Regarding different genotype models, our results demonstrated that a trend of higher rs4733781 A allele and rs1017281 G allele in TB group compared to controls. Different genotype models revealed that subjects with rs4733781 A and rs1017281 G could be more susceptible to TB while subjects with rs4733781 T and rs1017281 A could be more resistant. The recessive model of rs4733781 (CC vs. AC+AA) in Xinjiang Muslim populations tended to be related with a lower TB risk [P=0.003, OR=0.51 (0.324–0.802)], while the recessive model of rs1017281 (GG vs.
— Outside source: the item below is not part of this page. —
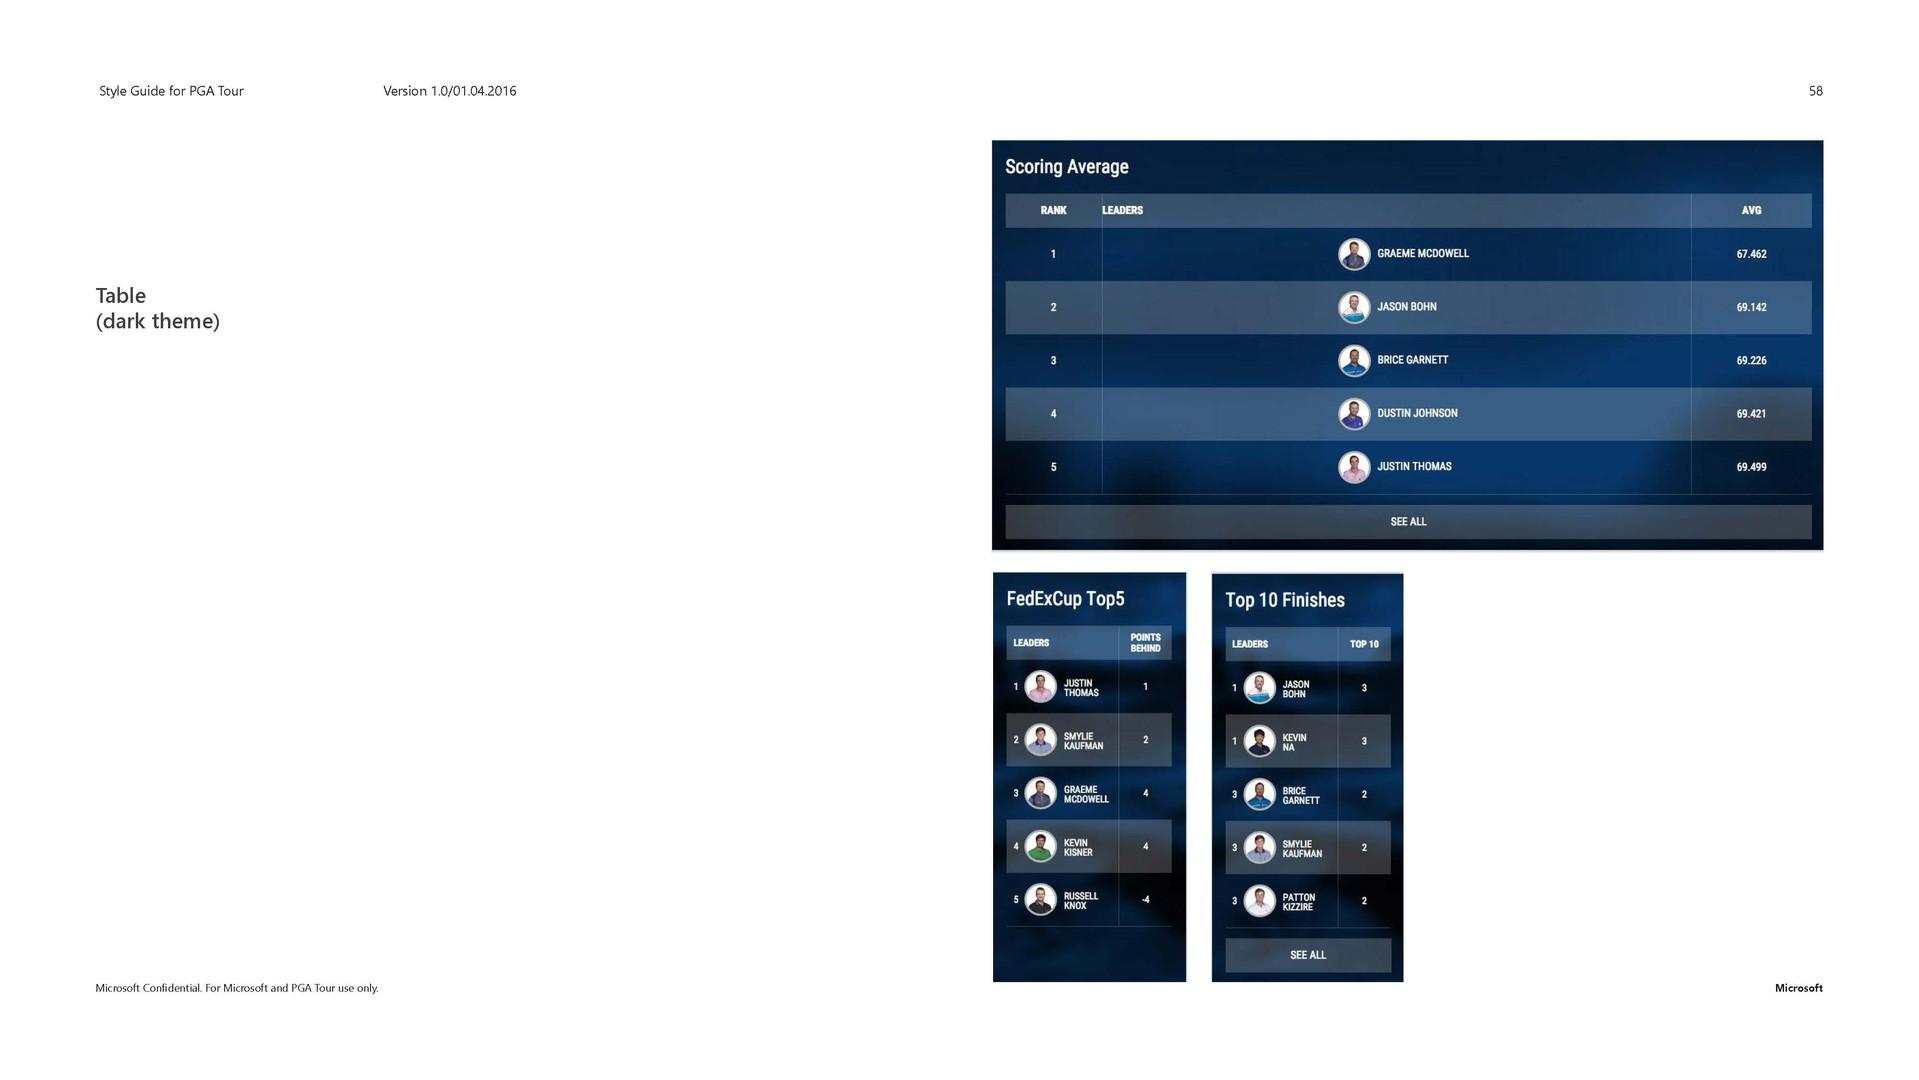 PGA-Tour_StyleGuide_v2.0_Page_58.jpg
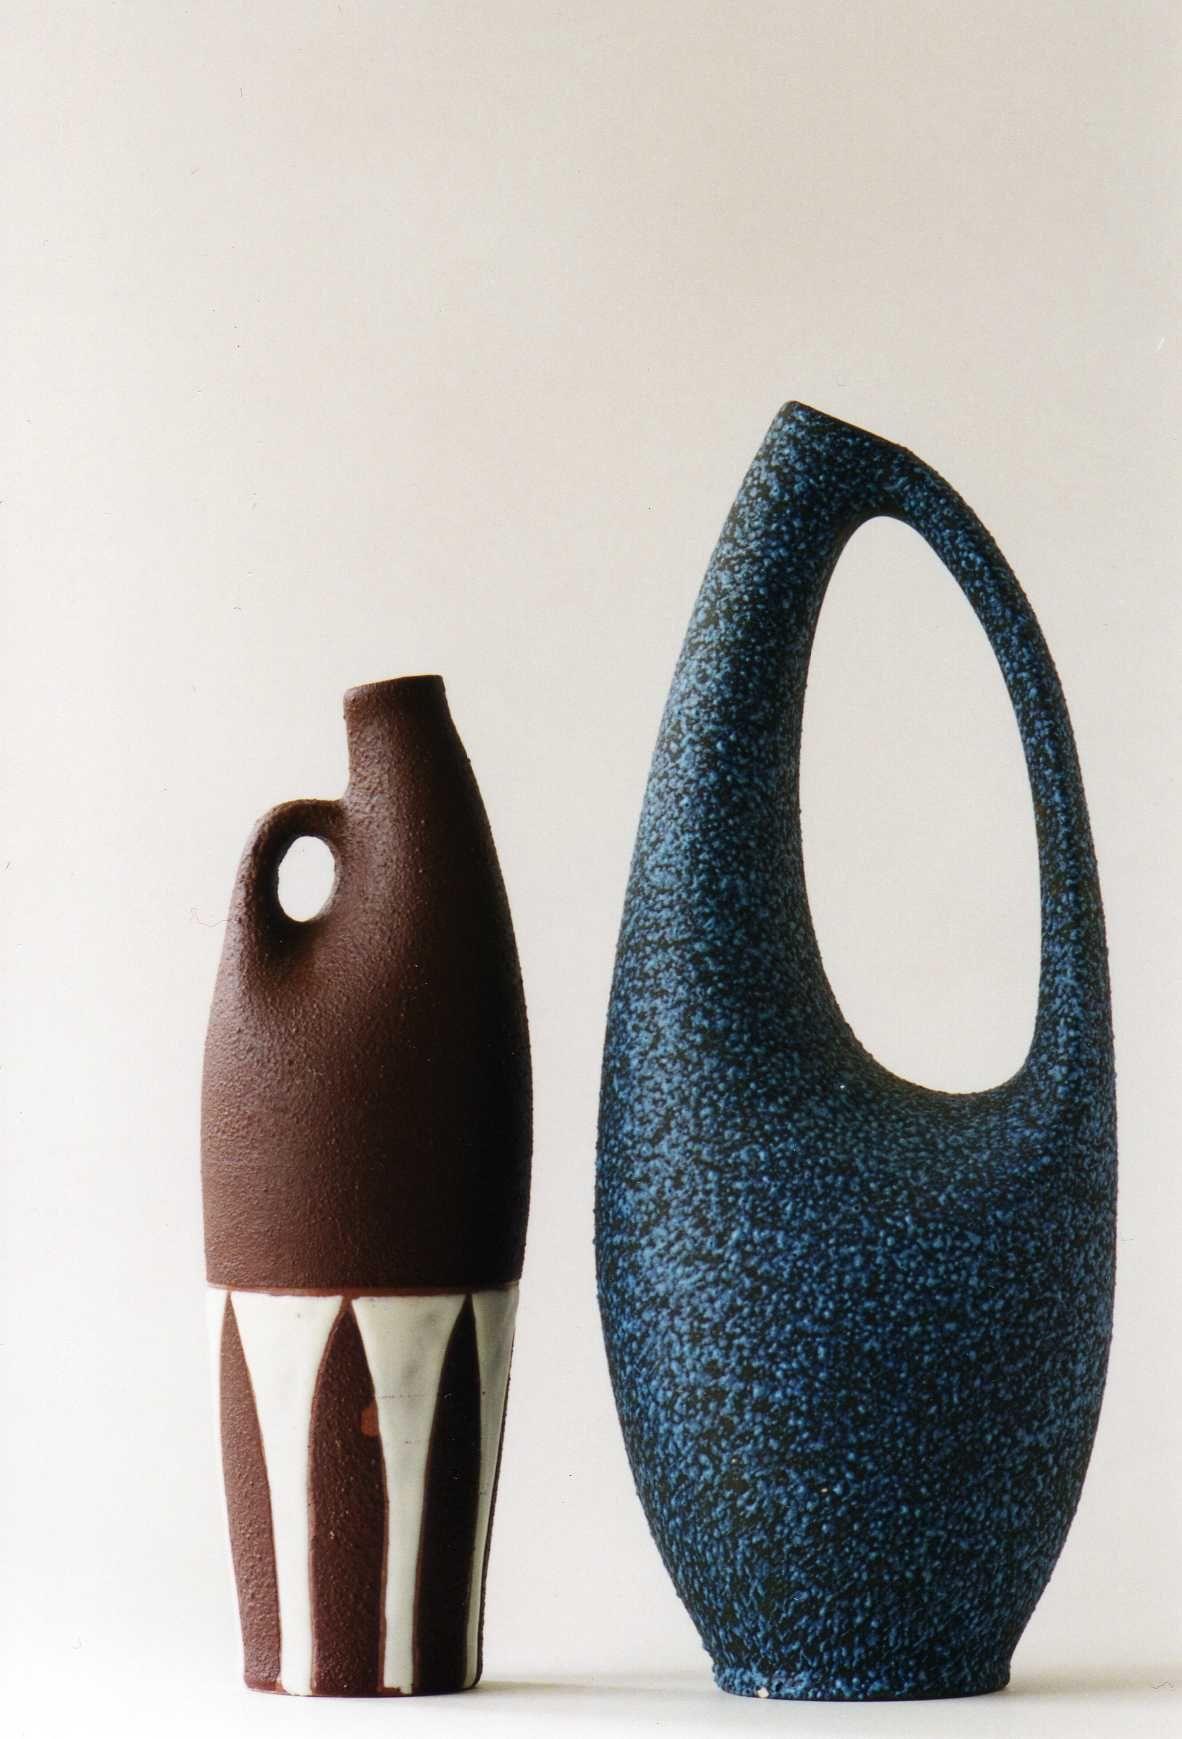 bauhaus vase google search vase bauhaus pinterest bauhaus google and pottery. Black Bedroom Furniture Sets. Home Design Ideas

AA+AG) seemed to be related with a higher TB risk [P=0.011, OR=1.792 (1.135–2.828)].Additionally, the linkage disequilibrium analysis showed that rs4733781 and rs1017281 were linked together, they should be considered one locus. Next, profound studies will be performed to explore the potential functional roles of these two SNPs to help understand major findings. Do they participate in the immunoreaction caused by TB? What is the exact mechanism? Much work remains to be done.

In conclusion, ASAP1 rs4733781 and rs1017281 polymorphism may be a genetic factor for susceptibility to MTB among the Xinjiang Muslim populations. Further investigations of the functional role of SNP rs4733781 and rs1017281 and the genomic surrounding region are warranted.